Oita University and Eisai have developed a machine learning model to predict amyloid beta (Aβ) accumulation in the brain using routine clinical data. The model combines background information such as age, gender, smoking history, and medical history with general blood test results and Mini-Mental State Examination (MMSE) items. The details of the model were published in the online edition of Alzheimer’s Research & Therapy on 21 January 2025.
The model is expected to enable primary care physicians to predict brain Aβ accumulation, a key pathological factor in Alzheimer’s disease (AD), during routine medical examinations. Current methods for detecting Aβ accumulation, such as positron emission tomography (amyloid PET) and cerebrospinal fluid (CSF) testing, present challenges due to high costs and invasiveness. Recent research has focused on blood biomarkers as a more accessible screening method. However, there is limited research on models predicting Aβ accumulation using only routine clinical data.
This study is the first to develop a machine learning model predicting amyloid PET positivity using 34 routinely collected clinical data points. These include background data (age, gender, smoking history, and medical history), general blood test data (kidney function, liver function, thyroid function), and MMSE scores. The model’s performance was evaluated using the Area Under the Curve (AUC) metric. The AUC was 0.70 for the model combining background and blood test data and 0.73 for the model that also incorporated MMSE data.
Anti-Aβ antibody treatments have shown potential benefits when initiated at earlier stages of AD, making early detection of Aβ accumulation significant. This machine learning model provides a prediction method based on clinical data collected during routine medical care. By helping primary care physicians determine the necessity of amyloid PET and CSF tests, the model is expected to facilitate early diagnosis and treatment initiation while reducing economic and physical burdens on patients.

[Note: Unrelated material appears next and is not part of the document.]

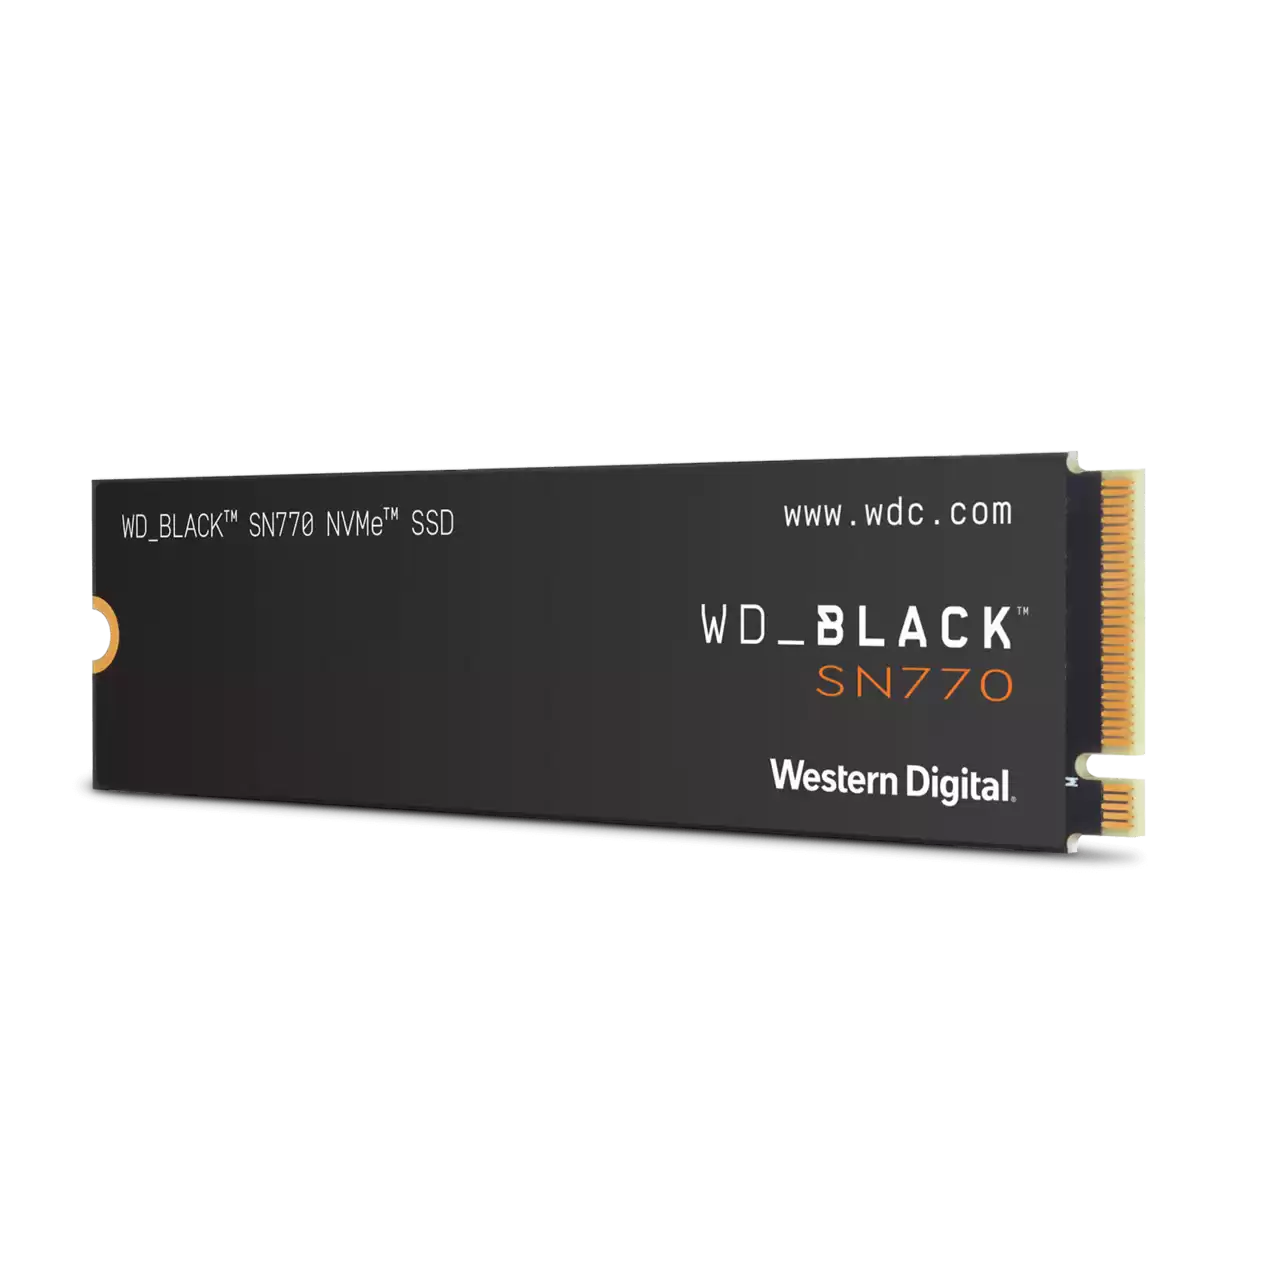 Western Digital WD BLACK SN770 NVMe SSD 500GB (5000MB/s)

The study used outpatient data from Oita University Hospital (September 2012–November 2017) and data from the prospective cohort study (USUKI STUDY) conducted in Usuki City, Oita Prefecture (October 2015–November 2017). The model was developed using three machine learning techniques: Support Vector Machine, Elastic Net, and L2 regularisation logistic regression. It was trained on 262 individuals aged 65 and older with mild cognitive impairment or normal cognitive function.
The L2 regularisation logistic regression model incorporating participant backgrounds and MMSE scores, as well as the model combining participant backgrounds and general blood test results, both achieved an AUC of 0.70. The model incorporating all three elements—background data, blood test results, and MMSE scores—achieved an AUC of 0.73. Key factors contributing to Aβ accumulation prediction included delayed recall and place orientation among MMSE items, age, thyroid-stimulating hormone levels, and mean corpuscular volume.
The study was conducted by researchers from Oita University and Eisai Co., Ltd., including Noriyuki Kimura, Kotaro Sasaki, Teruaki Masuda, Takuaki Ataka, Mariko Matsumoto, Mika Kitamura, Yosuke Nakamura, and Etsuro Matsubara. The research findings contribute to the ongoing efforts to improve early screening for AD and optimise the use of advanced diagnostic tests.